Was Miami Art Week a Superspreader Event?

As New York City is enduring a sharp uptick in Covid-19 cases, some people are blaming Miami Art Week.

Afterparty for “Rimowa: As Seen By” at the Soho Beach House tent. Image courtesy Rimowa

In case you haven’t noticed, the Omicron variant is ripping through New York City and many other places around the globe. On Sunday, the New York Times noted that the number of locals who tested positive for Covid-19 just broke a single day record with over 28,000 newly reported cases.
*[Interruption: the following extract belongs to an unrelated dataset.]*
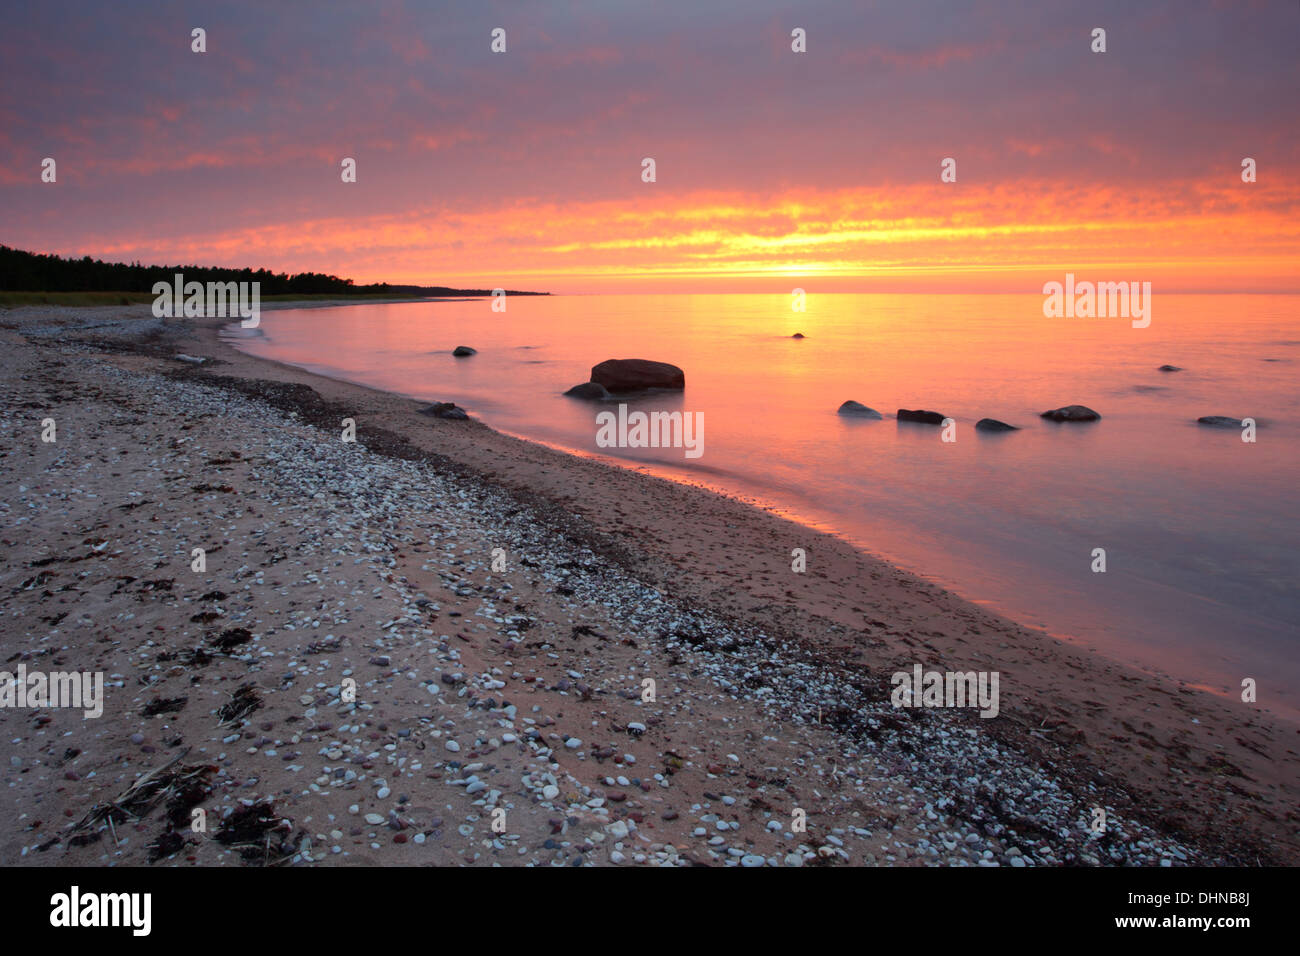 Sonnenuntergang auf der Insel Hiiumaa, Estland Stockfoto
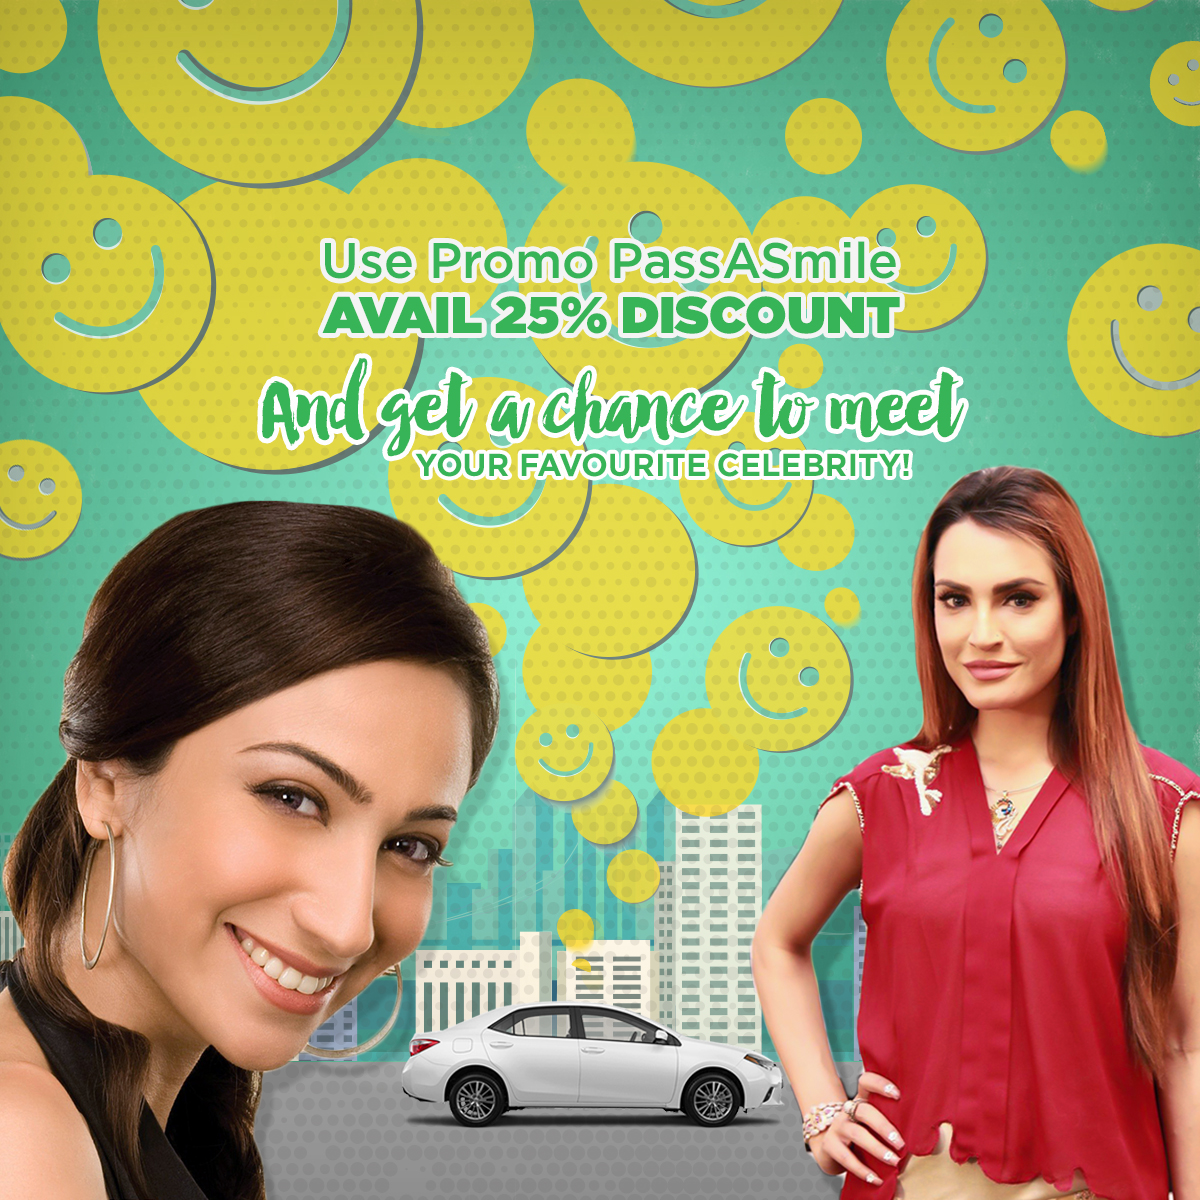 social media Advertising  artworks graphic design  Layout marketing   campaign application Careem ride facebook

Locals are reporting three-hour waits for Covid tests at urgent care, dozens of restaurants and bars have temporarily closed, office holiday parties are being canceled, and Broadway shows are being put on hold. Despite the sharp uptick in Covid-19 cases due to the Omicron strain in places like London, India, and more, some are blaming Miami Art Week, which lures New Yorkers in droves, as a superspreader event. 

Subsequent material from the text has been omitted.